The murmuring voices stopped. Both Helda and Madlen came and leaned over her, Helda's face tight with tension and relief, her hand reaching down to stroke the hair at Bitterblue's temples. 'It's been quite a night, both in and out of the castle, Lady Queen,' she said quietly. 'What a fright Madlen had when Holt came running into the infirmary with you, and I didn't fare much better when Madlen brought you to me.'
'But how did Thiel know?' she whispered.
'He didn't say, Lady Queen,' said Helda. 'He came here frantic, looking like he'd been fighting with a bear, and told me that if I knew where you were and what was good for me, I'd send your Lienid Guard to you.'
'Where is he now?' Bitterblue whispered.
'I've no idea, Lady Queen.'
'Send someone to bring him to me,' said Bitterblue. 'Is everyone else all right?'
'Prince Po had a terrible night, Lady Queen,' said Madlen. 'Agitated and inconsolable. I had to drug him when Holt came in with you, for he was wild. He put up a fight; Holt had to hold him down for me.'
'Oh, poor Po,' said Bitterblue. 'Is he going to be all right, Madlen?'
'He's in the same shape you're in, Lady Queen, which is to say that I firmly believe he'd be on the mend if he would only consent to rest. Here, Lady Queen,' she said, pressing a folded note into Bitterblue's good hand. 'Once we'd gotten the medicine into him and he knew he was a lost cause, he went to great effort to dictate this to me. He made me promise to give it to you.'
Bitterblue opened the note one-handed, trying to remember the key she was using with Po these days. Poppyseed cake? Yes. With that key, Po's ciphered message in Madlen's loopy hand showed itself to say, more or less:
WHEN HER LIENID Guard could not find Runnemood, Bitterblue called in the Monsean Guard. They couldn't find him either. He was nowhere to be found in the castle, nor were they having any luck in the city.

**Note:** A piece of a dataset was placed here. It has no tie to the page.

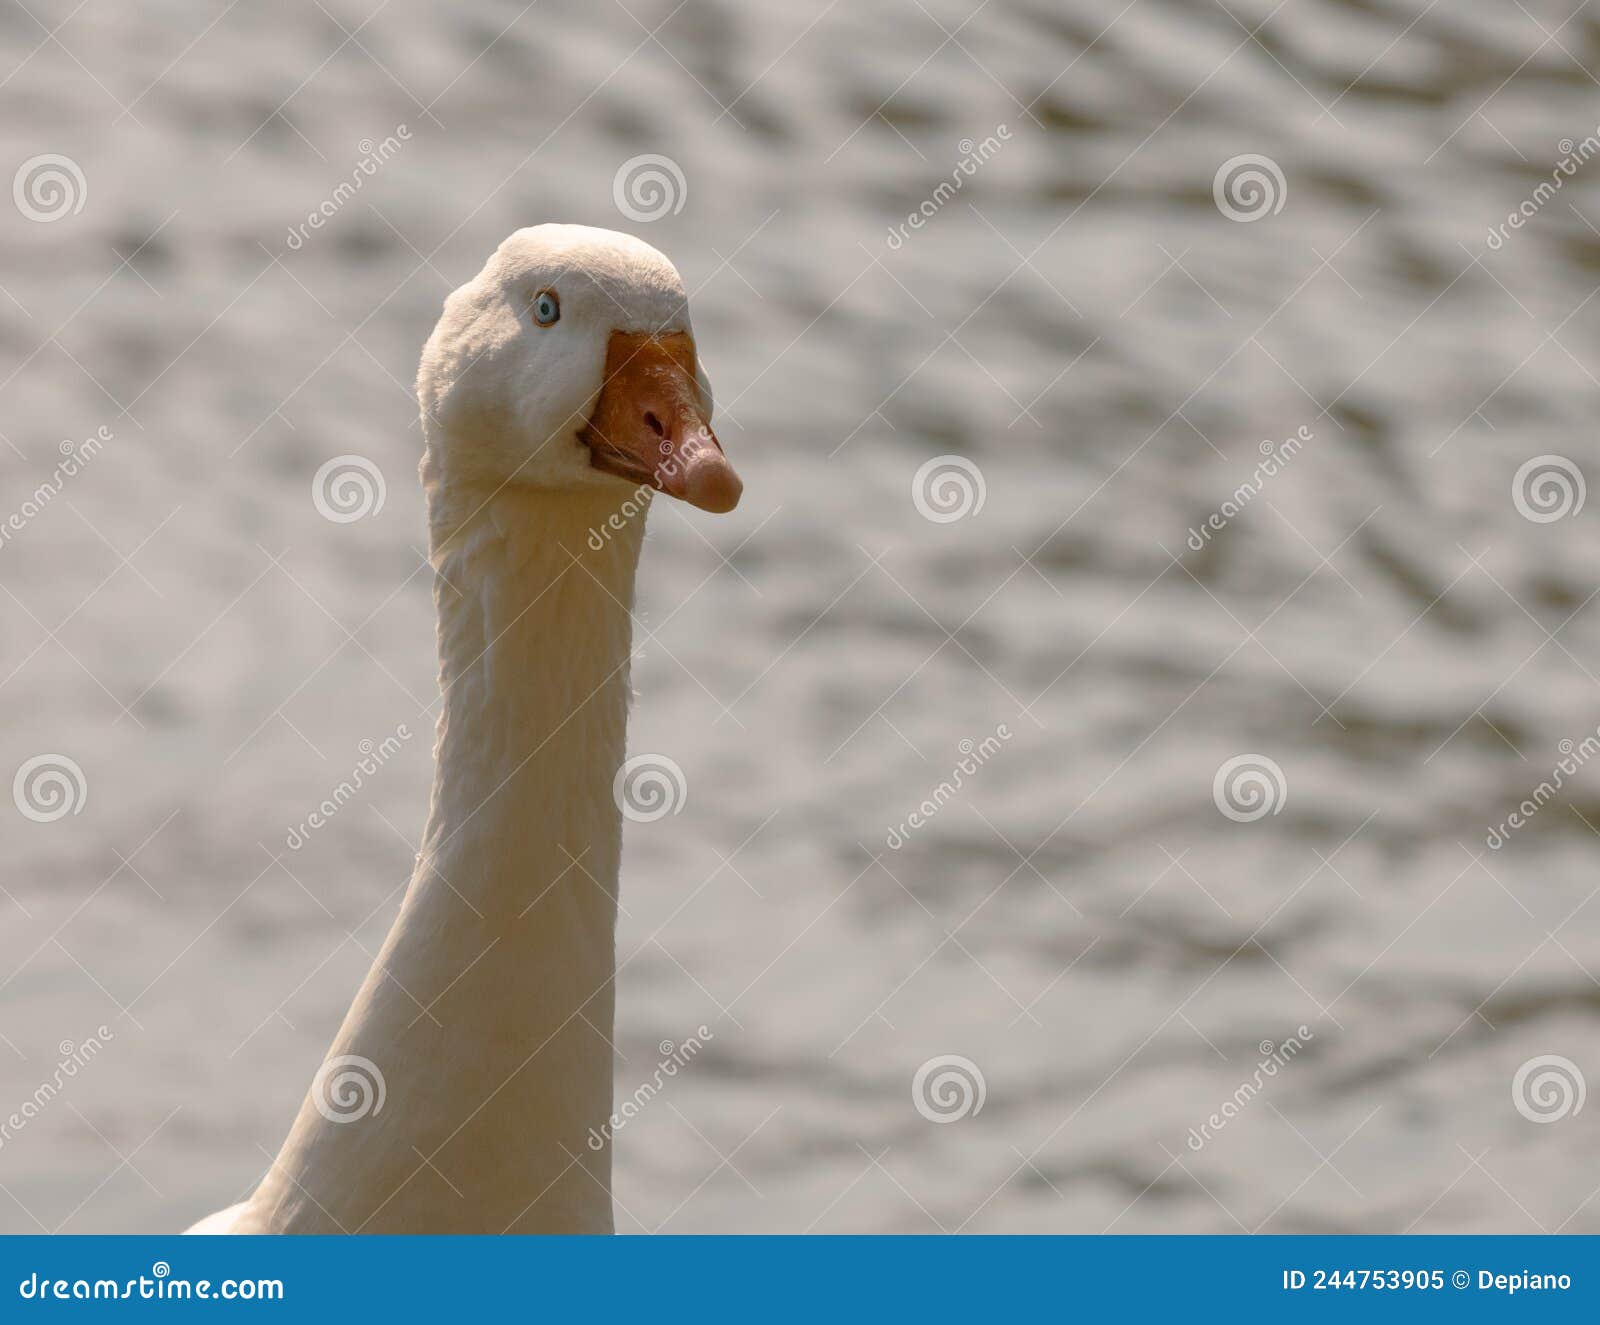 emden goose on a sunny day. portrait of domestic white goose

'He's run for it,' said Bitterblue in frustration. 'Where is his family? Have you talked to Rood? Runnemood's supposed to have a thousand friends in the city. Find out who they are, Captain, and find him!'
'Yes, Lady Queen,' said Captain Smit, standing before her desk, looking appropriately stern but also befuddled. 'And you have definite reason to believe that Runnemood was behind the attack on your person, Lady Queen?'
'He is certainly behind something,' said Bitterblue. 'Where's Thiel? Where is everybody? Send someone up, will you?'
The person the captain sent up was, in fact, Thiel. His hair was worried into a vertical arrangement and his color was gray. When he saw her arm and the purple marks on her throat, he began to blink with bright, wet eyes. 'You should be in bed, Lady Queen,' he said hoarsely.
'I had to get out of it,' said Bitterblue flatly, 'to deal with the question of why Runnemood murdered nine of my prisoners, then snuck into a passage under the east wall with you.'
Thiel collapsed, shaking, into a chair. 'Runnemood murdered nine prisoners?' he said. 'Lady Queen, how do you know all this?'
'We're not discussing what I know, Thiel. We're discussing what I don't. Why did you go into a secret passage with Runnemood last night, how did you know to send my Lienid Guard to my rescue, and what does one have to do with the other?'
'It's because he told me, Lady Queen,' said Thiel, sitting hopeless and confused in his chair. 'I came upon him very late. He didn't seem himself, Lady Queen. He was wild-eyed, smiling too much, making me nervous. I followed him into that passage, hoping that if I stayed with him, I could learn what was wrong. When I pressed him, he told me he'd done something brilliant, but of course I didn't know about the prisoners. Then he told me you'd gone out into the city and he'd sent a team to kill you.'
'I see,' said Bitterblue. 'Just like that, he told you?'
'He was nothing like himself, Lady Queen,' Thiel said again, grasping his hair. 'He seemed to have some crazy idea that I'd be pleased to hear what he was saying. Truly, I believe he'd gone mad.'
'And were you surprised?'
'Well, of course, Lady Queen. I was flabbergasted! I left him and ran back, straight to your rooms, hoping he'd lied and I'd find you safely there!'
'Where is Runnemood, Thiel?' said Bitterblue. 'What's going on?'
'I don't know where he is, Lady Queen,' said Thiel in amazement.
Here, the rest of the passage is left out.